> **Required work**
Reproduce the listing below exactly. Pictures do not belong in the copy.

> **Dataset extract**
== Segment start ==

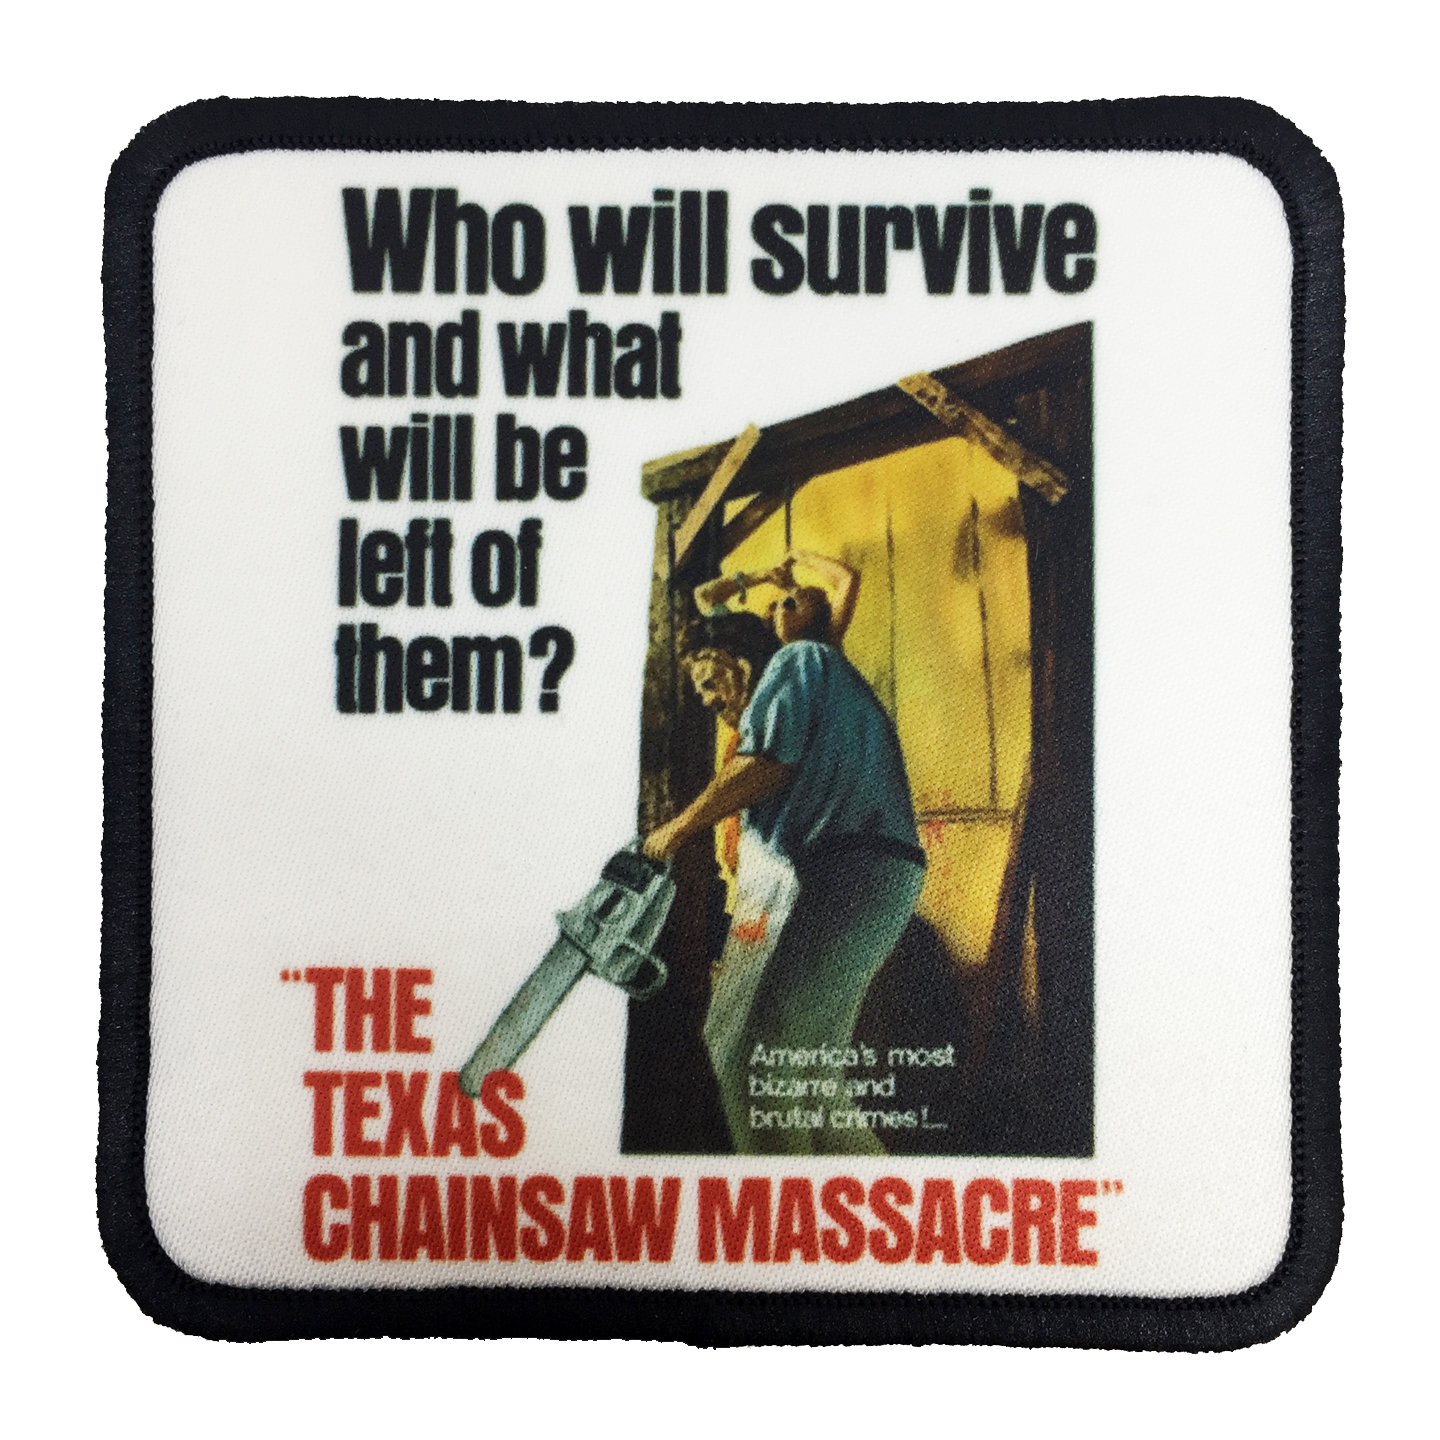 Texas Chainsaw Massacre Iron-On Patch - UNMASKED Horror & Punk Patches and Decor
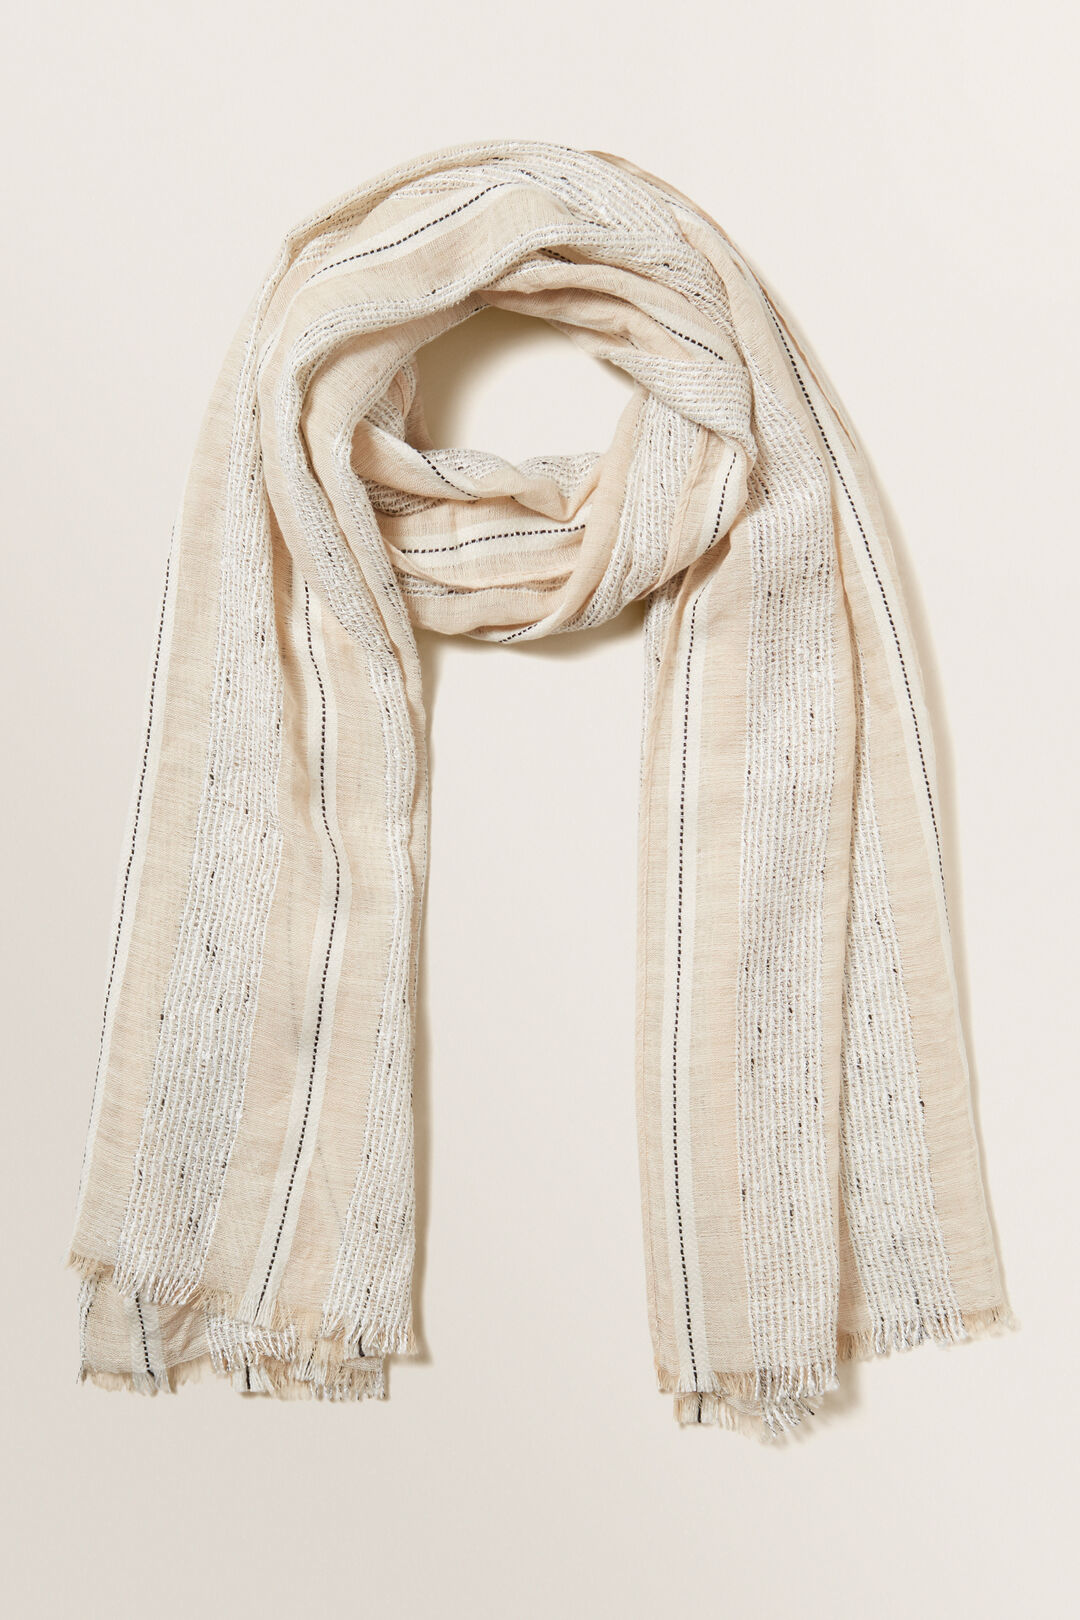 Textured Weave Scarf  Neutral Sand Multi  hi-res
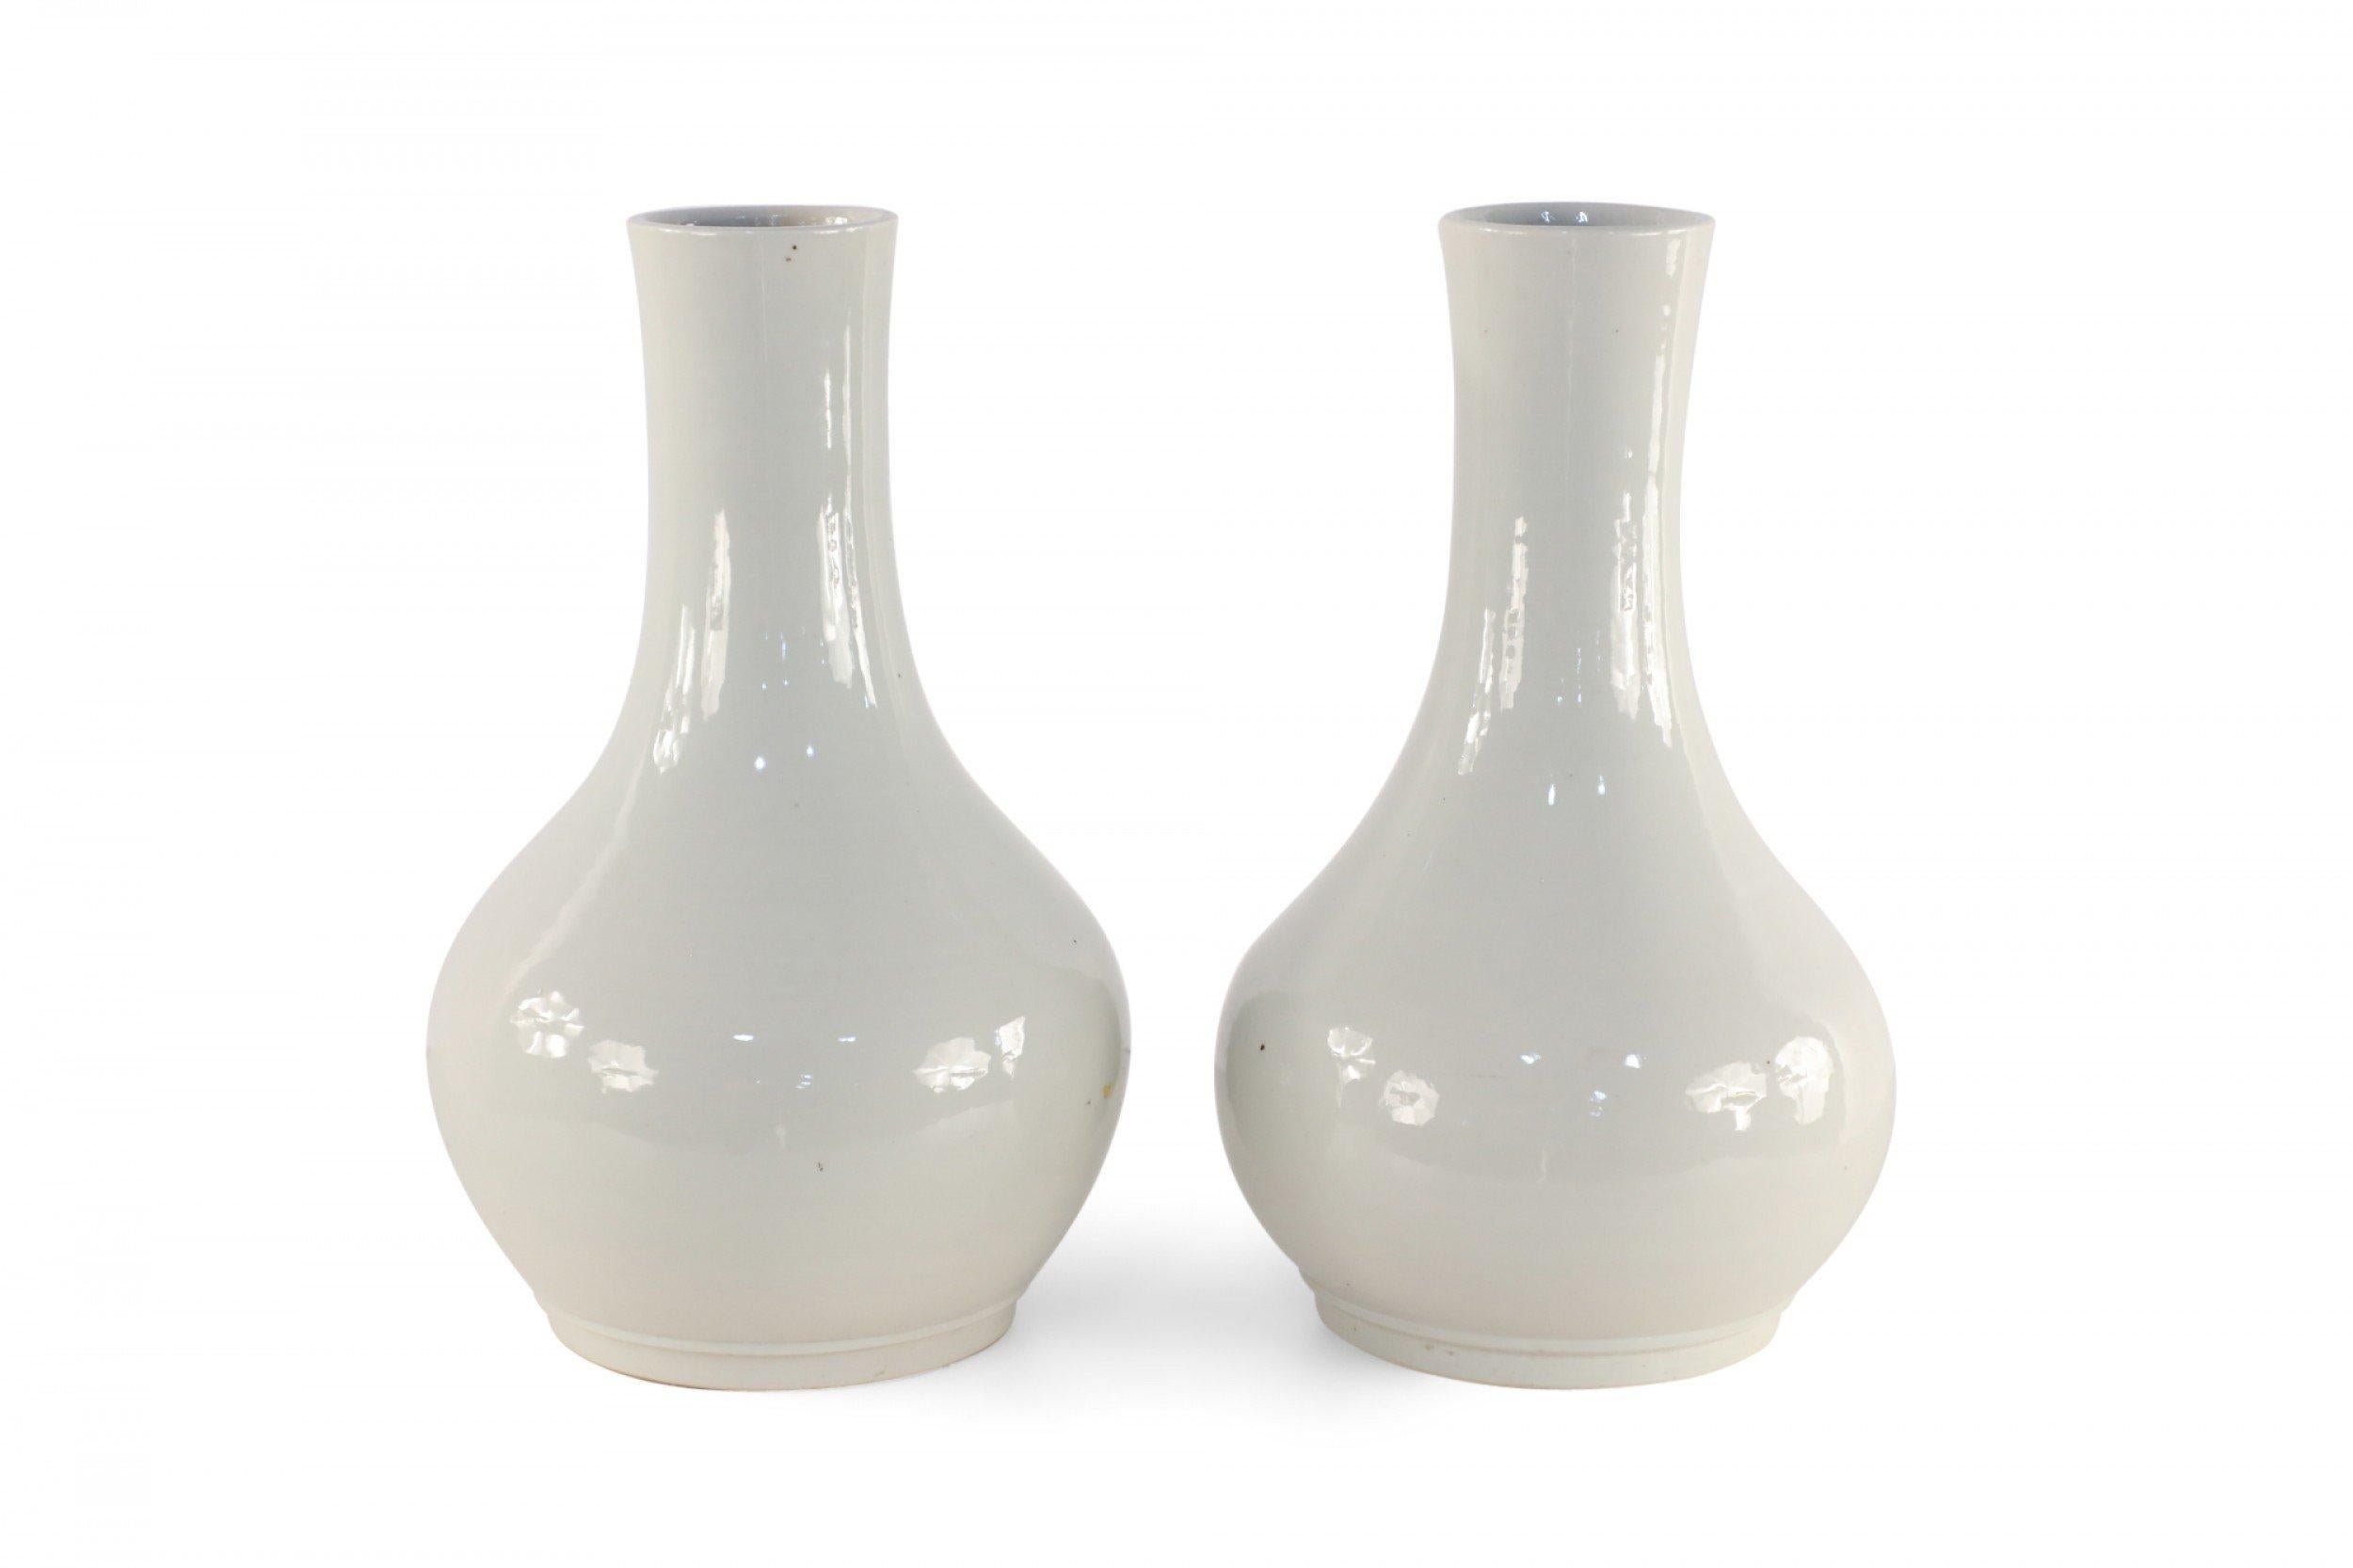 Pair of similar Chinese porcelain vases with globular forms in pale gray hues with glazed finishes (vases vary slightly in shape) (PRICED AS PAIR).
 

== Segment end ==

> **Output of the task**
 Texas Chainsaw Massacre Iron-On Patch - UNMASKED Horror & Punk Patches and Decor
 Textured Weave Scarf  Neutral Sand Multi  hi-res
 Pair of similar Chinese porcelain vases with globular forms in pale gray hues with glazed finishes (vases vary slightly in shape) (PRICED AS PAIR).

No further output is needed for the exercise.